The SIAC IA Rules also permit submissions by a non-disputing third party (on their own initiative or by invitation of the tribunal) who is a party to the treaty under which the arbitration was commenced (Rule 29.1). However, such submissions are limited to “a question of treaty interpretation that is directly relevant to the dispute.” Rule 29.2 also permits any non-party to the arbitration to make submissions, upon application to the tribunal, provided that such third party is found to have “sufficient interest in the arbitral proceedings and/or any other related proceedings” (Rule 29.3).
Pursuant to SIAC IA Rule 38, the parties are deemed to consent to the publication of the nationality of parties, identity and nationality of arbitrators, the treaty/statute/other instrument under which the dispute was commenced, and the date of commencement of proceedings and whether they have terminated. The SIAC may also publish redacted excerpts of the reasoning of the tribunal and redacted decisions of the SIAC Court on challenges.
Other points to note include: the increased time limit for the Response to the Notice of Arbitration and for constitution of the tribunal (Rules 4.1, 6.2 and 7.2); the default number of arbitrators is three instead of one (Rule 6.2); the SIAC Court, and not the President, shall appoint arbitrators under the Rules (Rules 6.2, 7.2, 7.3 and 9); appointments by the SIAC Court for sole arbitrator or presiding arbitrator shall be done in accordance with a list procedure (Rule 8); the submissions, unless otherwise agreed, are to be in memorial style (Rule 17); and the emergency arbitrator provisions are opt-in (Schedule 1).

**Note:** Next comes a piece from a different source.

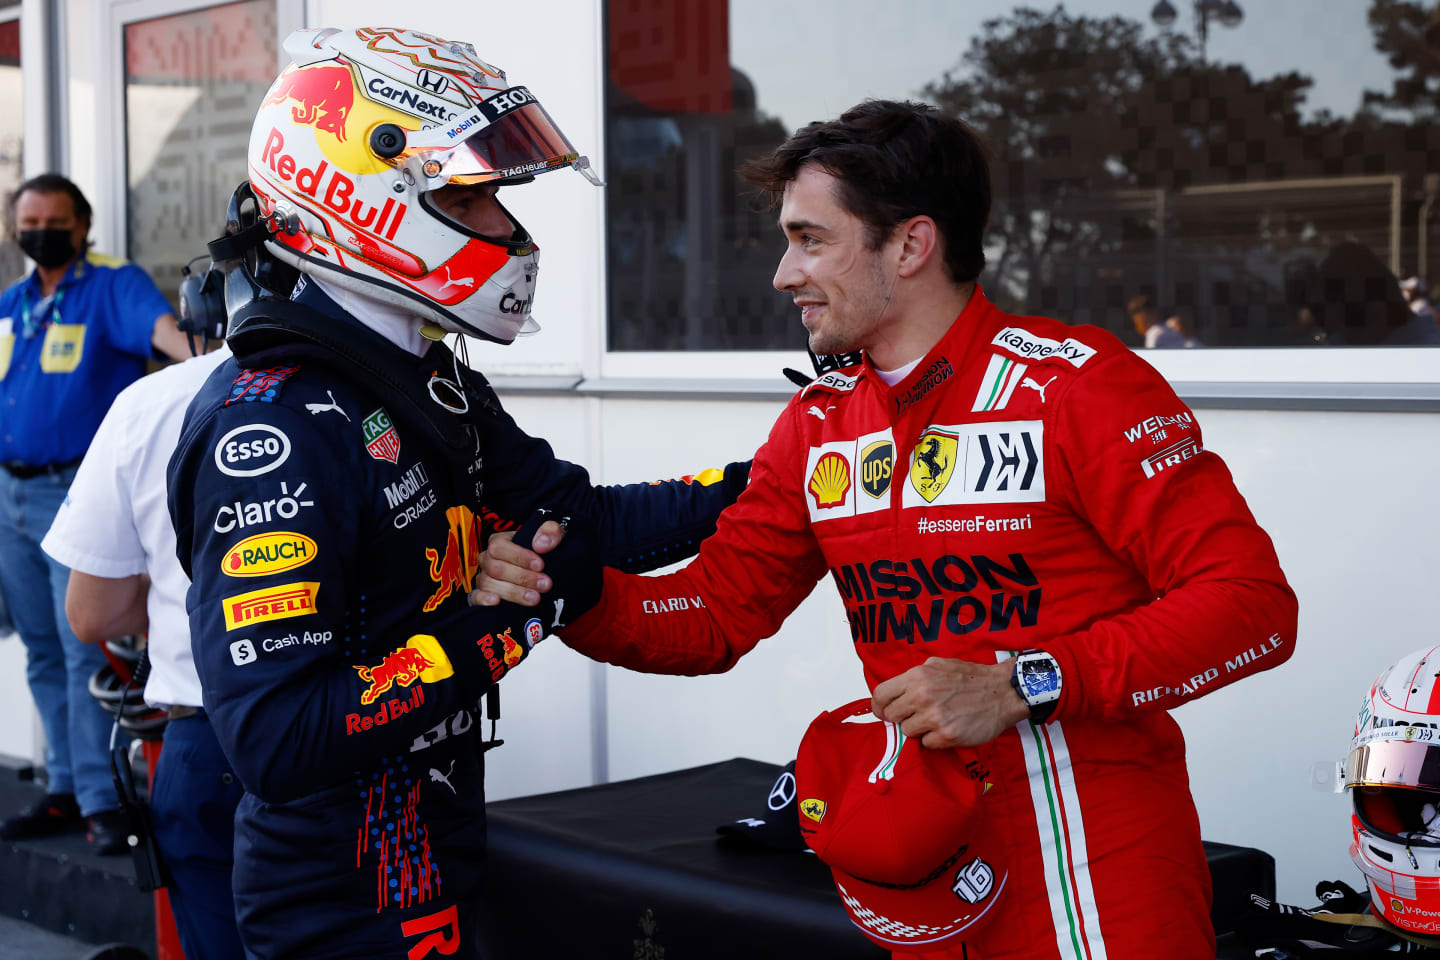 BAKU, AZERBAIJAN - JUNE 05: Third placed qualifier Max Verstappen of Netherlands and Red Bull Racing shakes hands with pole position qualifier Charles Leclerc of Monaco and Ferrari in parc ferme during qualifying ahead of the F1 Grand Prix of Azerbaijan at Baku City Circuit on June 05, 2021 in Baku, Azerbaijan. (Photo by Maxim Shemetov - Pool/Getty Images)

The SCC Rules 2017 came into force on January 1, 2017, to coincide with the centenary celebrations of the SCC. The revised rules introduce a number of relatively minor amendments to the institute’s rules. The SCC also released a separate set of Rules for Expedited Arbitration (SCC Expedited Rules), effective from the same date.
Following ICSID and UNCITRAL, the SCC Rules are the most frequently used arbitration rules for investment disputes. The provisions relating to treaty based investment disputes are found at Appendix III to the SCC Rules 2017, and apply to cases under the SCC Arbitration Rules “based on a treaty providing for arbitration of disputes between an investor and a state.” The 2017 revisions have introduced procedures for submissions from third parties, broadly similar to the new provisions introduced by SIAC, discussed above.
The SCC Rules 2017 have also introduced a summary procedure under Article 39, pursuant to which parties may request the tribunal to determine one or more issues of fact or law by way of summary procedure. New provisions have been introduced for multi-party and multi-contract disputes, including provisions for the joinder of parties (Articles 13 and 14). Following other arbitral institutions (such as the HKIAC, the ICC and SIAC), the SCC has introduced specific guidelines on the appointment of Tribunal Secretaries (Article 24).
The SCC Expedited Rules apply only in the event that the parties have agreed to their application (Article 11), which may result in a more limited use than the provisions for expedited procedures of other institutions which apply by default to claims under a certain value.
While the SCC Expedited Rules contain relatively standard provisions, Article 30 provides that the Request for Arbitration and the Answer to the Request for Arbitration will constitute the parties’ primary submissions for the arbitration, permitting only one “supplementary written submission” unless the tribunal decides otherwise.